Joachim Andreas von Schlick, Count of Passaun and Weißkirchen (in Czech Jáchym Ondřej Šlik z Holíče, hrabě z Passaunu; 9 September 1569, in Ostrov – 21 June 1621, in Prague) was a Bohemian nobleman of the Schlick family in the Kingdom of Bohemia and the Holy Roman Empire. He was one of the leaders of the Protestant estates general in Bohemia and was executed in Prague in 1621 during the Old Town Square executions. He now rests in the Church of the Assumption of the Virgin Mary in Most.

==Youth==
He studied at the University of Jena, where he worked for several years as its rector, and worked for nine years at the Dresden court as an educator of Saxon princes (e.g., John George, who during the rebellion, served as Elector of Saxony).

==Uprising==
He was involved since 1608 in the negotiations between the rebellious Bohemian estates, and it was he who convinced Silesia and Lausitz to join the Bohemian revolt. He was one of the leading representatives of the Lutheran wing of the rebel states. During the Battle of White Mountain he did not command a regiment of Moravian German mercenaries, as is sometimes erroneously stated. In fact, the Moravian Regiment was commanded by his relative, Colonel Count Heinrich von Schlick. The latter later had a successful career as imperial Field Marshal and president of the Vienna court war council. Heinrich von Schlick died in 1650.

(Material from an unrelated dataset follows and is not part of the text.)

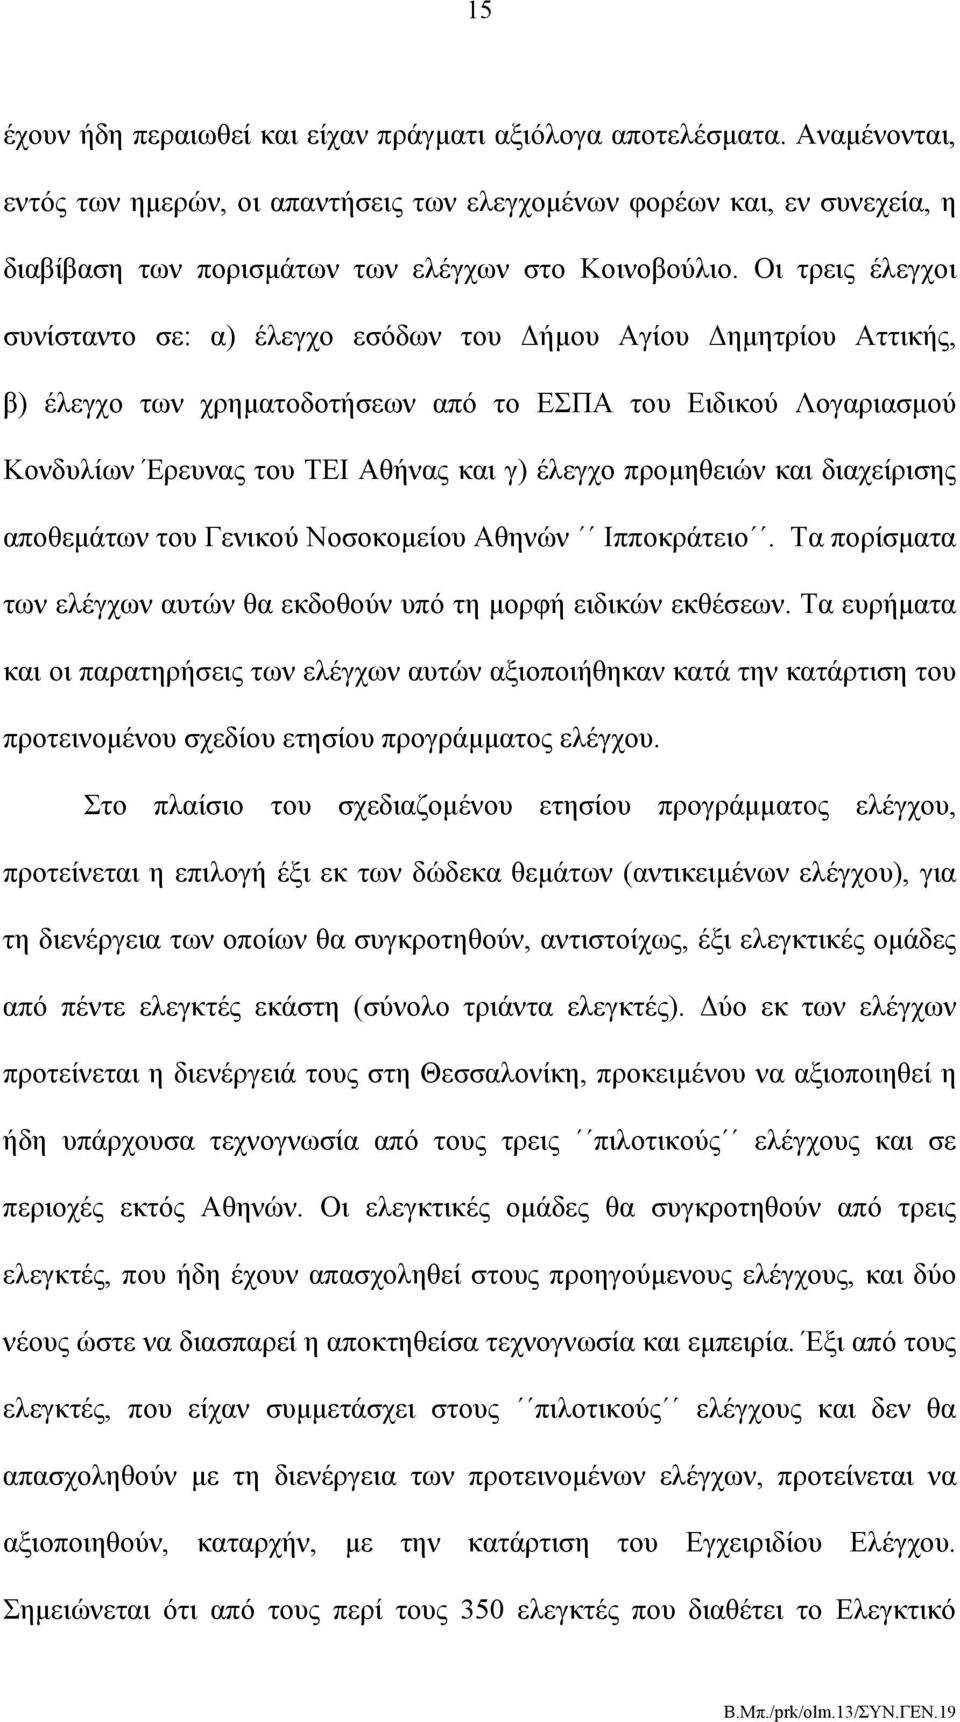 Οι τρεις έλεγχοι συνίσταντο σε: α) έλεγχο εσόδων του Δήμου Αγίου Δημητρίου Αττικής, β) έλεγχο των χρηματοδοτήσεων από το ΕΣΠΑ του Ειδικού Λογαριασμού Κονδυλίων Έρευνας του ΤΕΙ Αθήνας και γ) έλεγχο
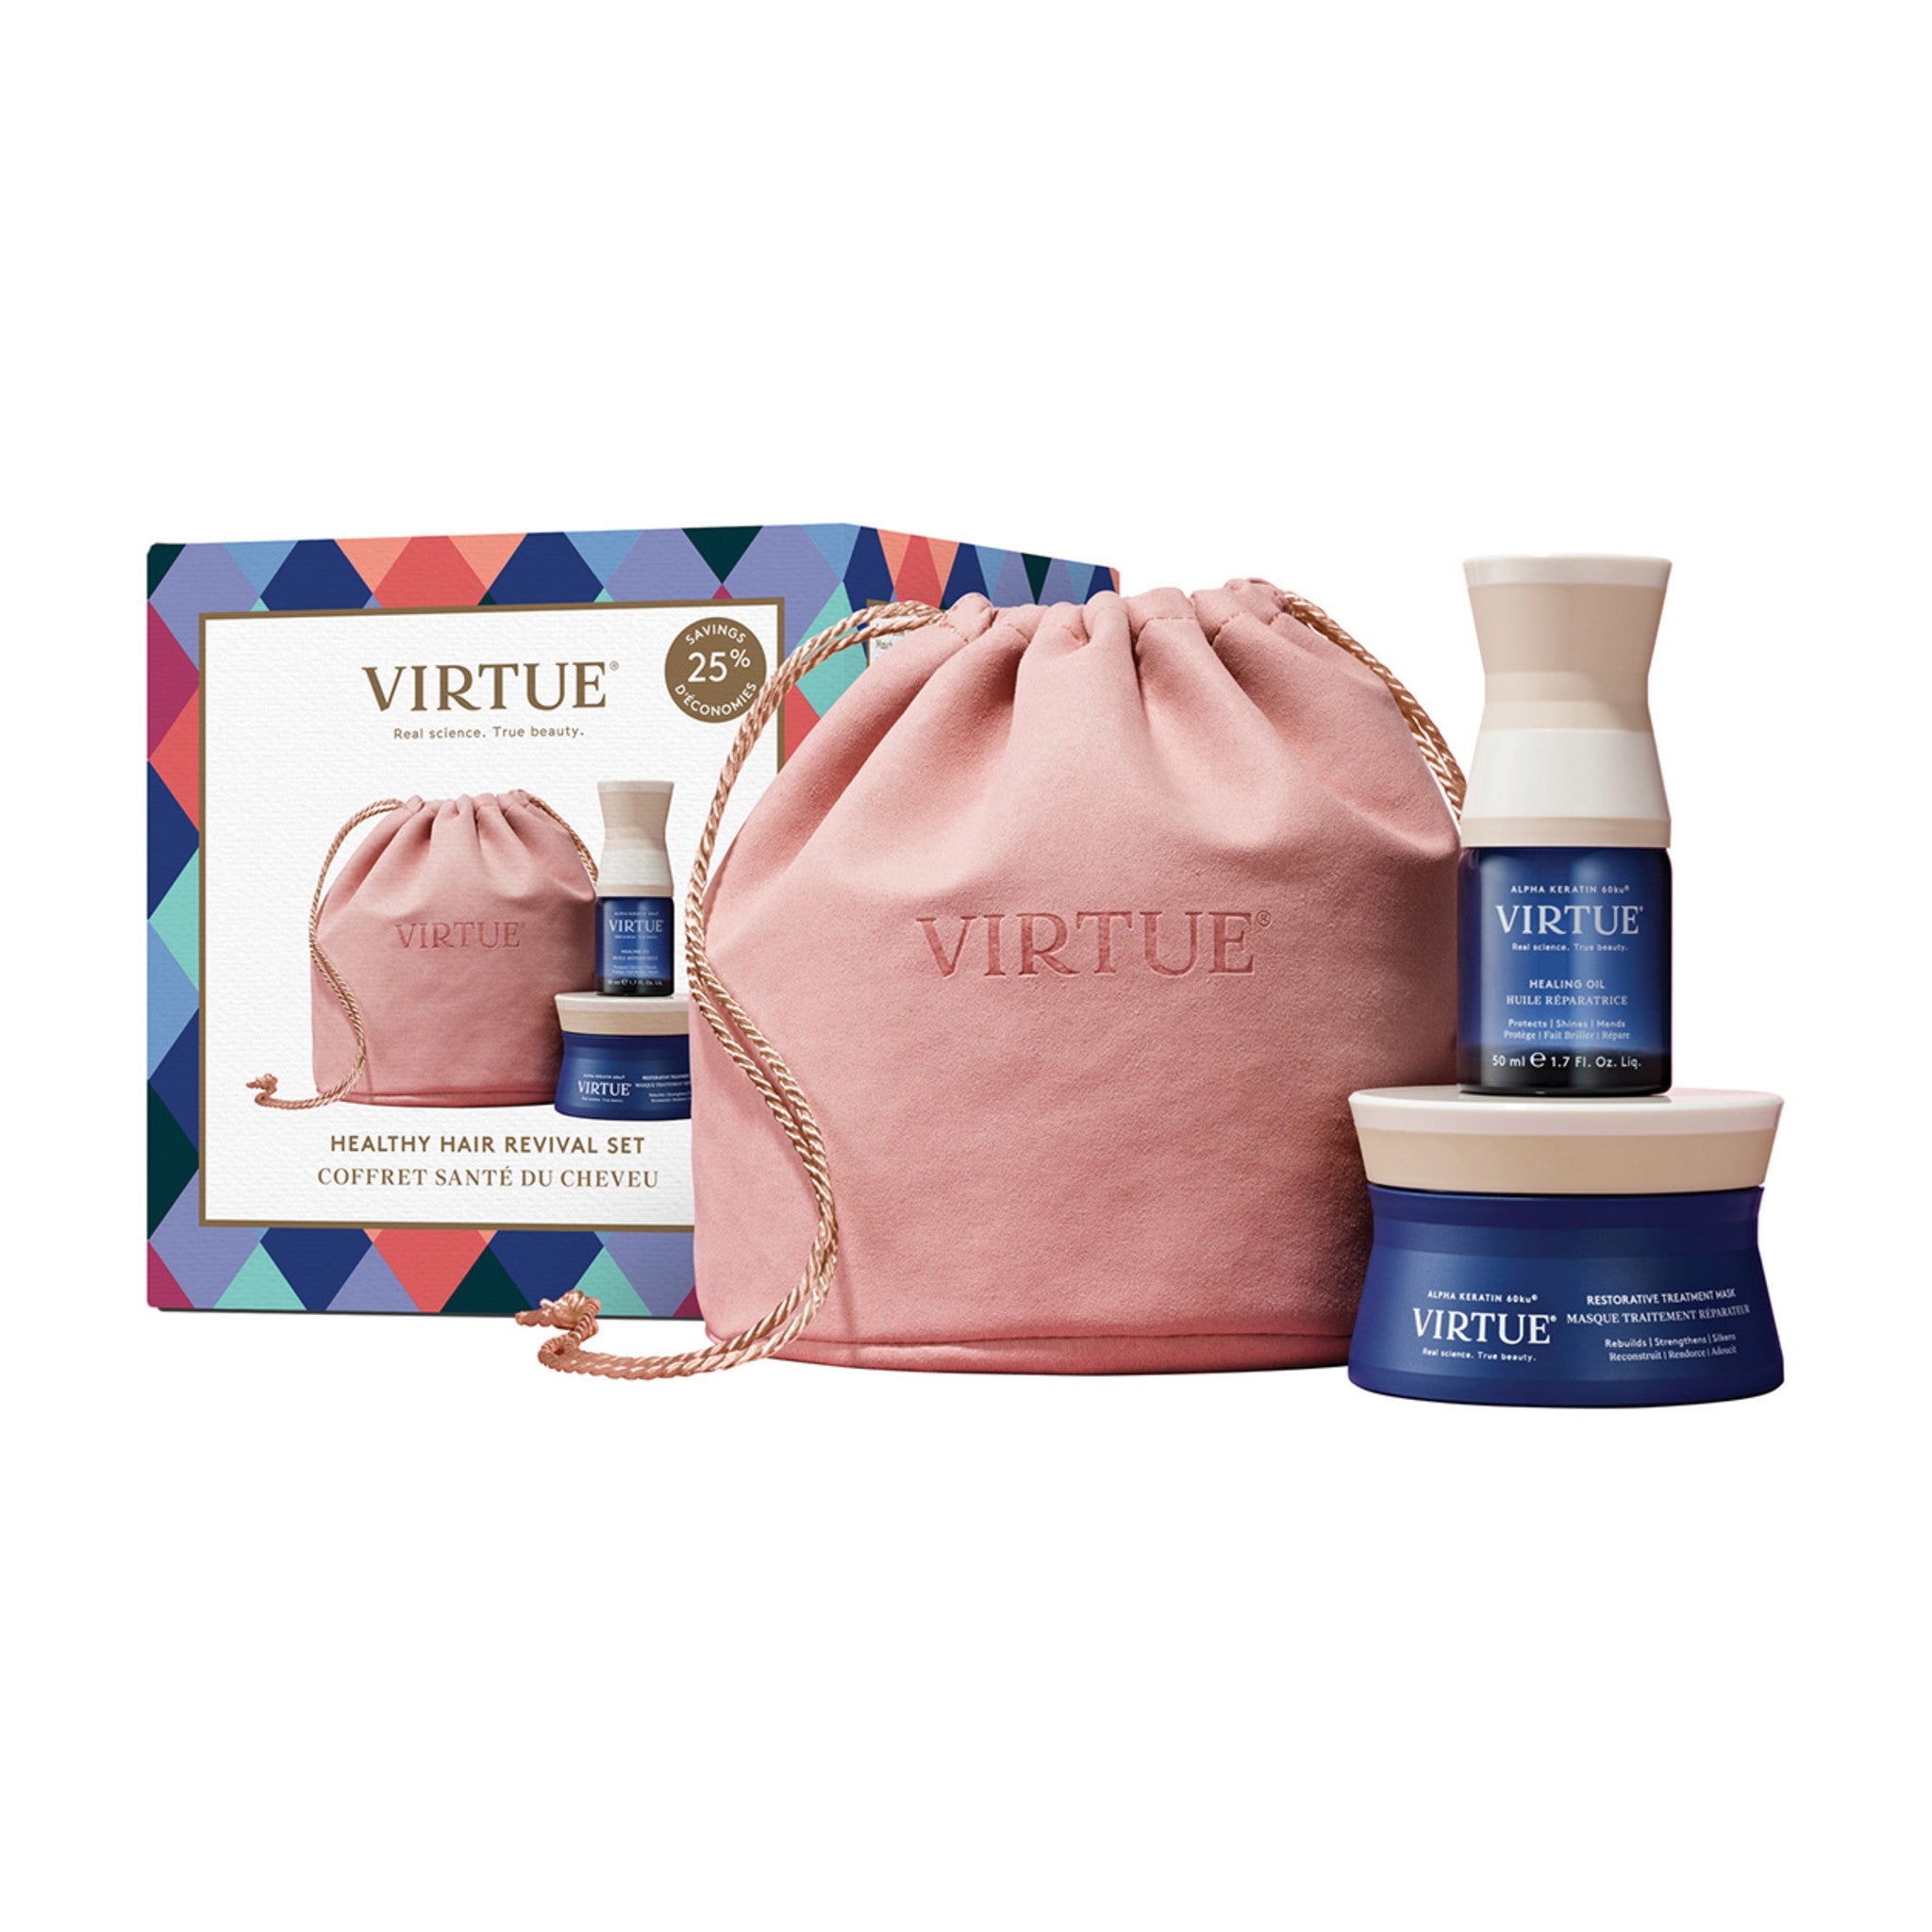 Virtue Holiday Healthy Hair Revival Kit main image.

During the reign of Matthias of Habsburg in 1611, Joachim von Schlick became a royal marshal. Then from the "Winter King" Frederick V, Elector Palatine, to whose election he had contributed, he received the Office of High Court judge. He participated in the Second Prague Defenestration and was probably one of the people who threw the Habsburg officials from the window of Prague Castle.

==Prior to execution==
Before his execution, he managed to write a letter to the Saxon agent in Prague, Bartholomew Brunner, his old friend, who had promised to deliver it to the Provincial Commissioner, Prince Charles of Lichtenstein. At that time, Schlick served as reeve or bailiff, as appointed by the fugitive King Frederick of the Palatinate.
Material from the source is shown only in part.